* [WHAT IS BEING ASKED]
While you copy the lines below, skip the pictures and keep the rest exact.

* [GIVEN DATA]
[Start of section]
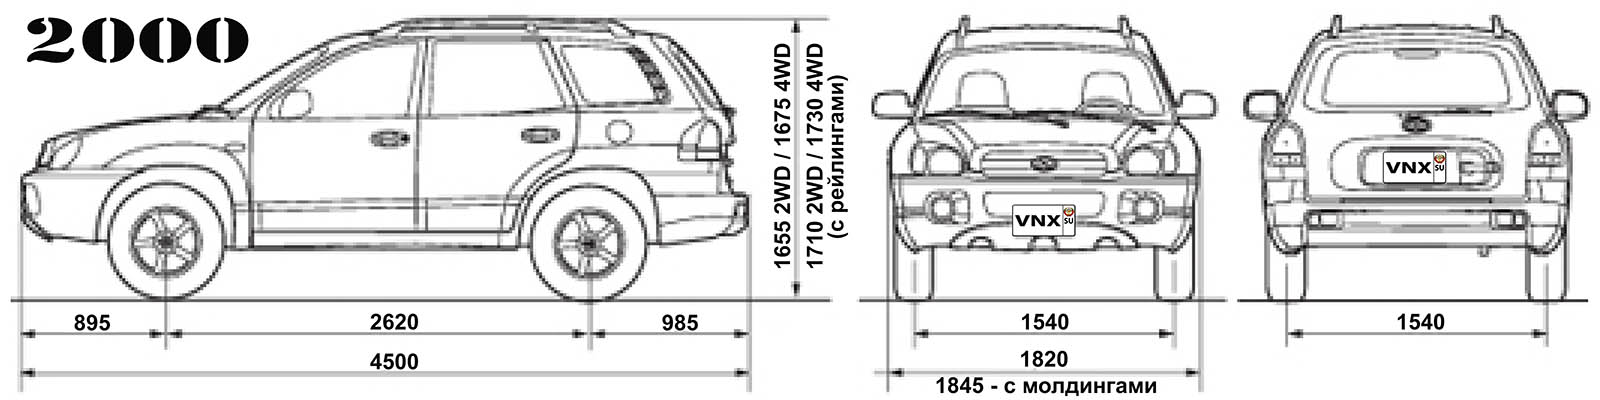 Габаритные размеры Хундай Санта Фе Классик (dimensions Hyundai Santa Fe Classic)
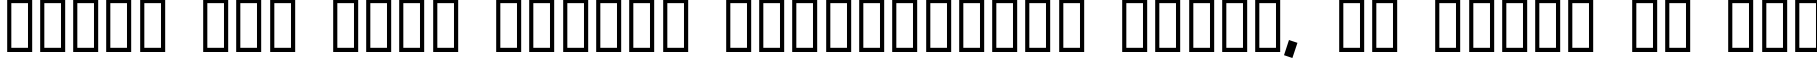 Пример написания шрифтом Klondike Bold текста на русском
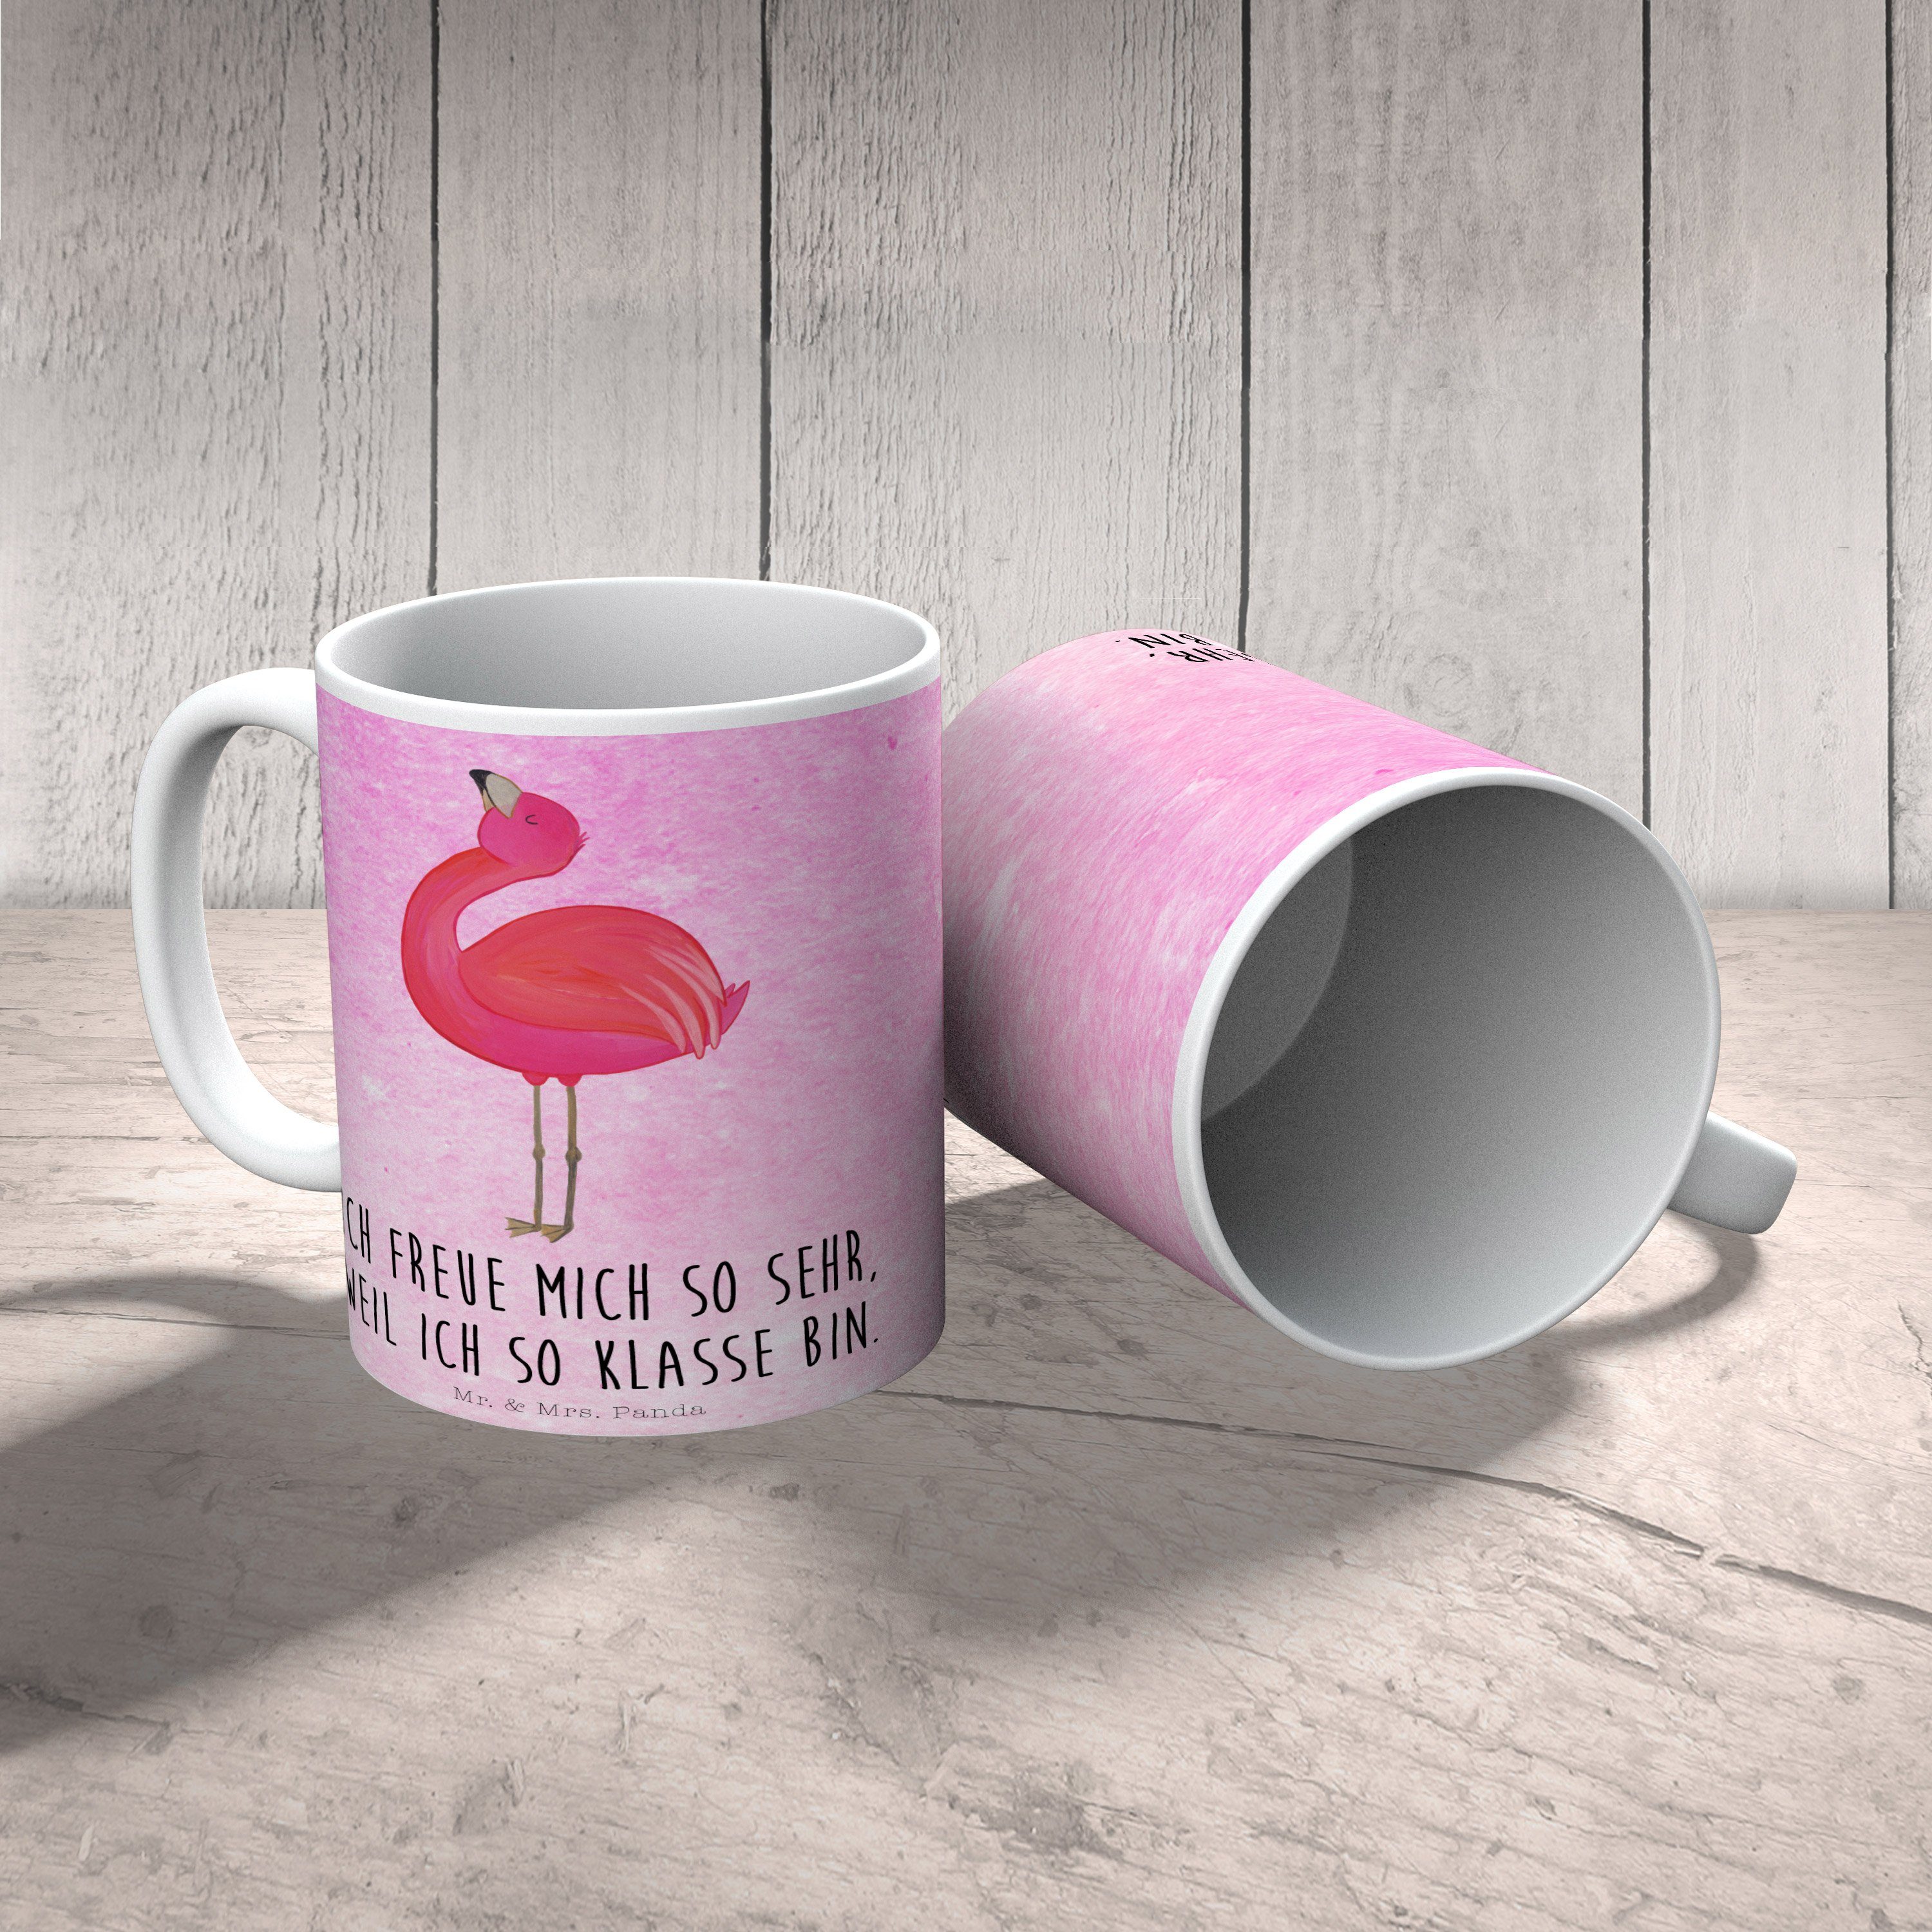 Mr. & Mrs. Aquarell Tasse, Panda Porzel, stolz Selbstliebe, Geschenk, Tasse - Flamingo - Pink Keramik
[End of section]
* [OUTPUT BELOW]
 Габаритные размеры Хундай Санта Фе Классик (dimensions Hyundai Santa Fe Classic)
 Пример написания шрифтом Klondike Bold текста на русском
 Mr. & Mrs. Aquarell Tasse, Panda Porzel, stolz Selbstliebe, Geschenk, Tasse - Flamingo - Pink Keramik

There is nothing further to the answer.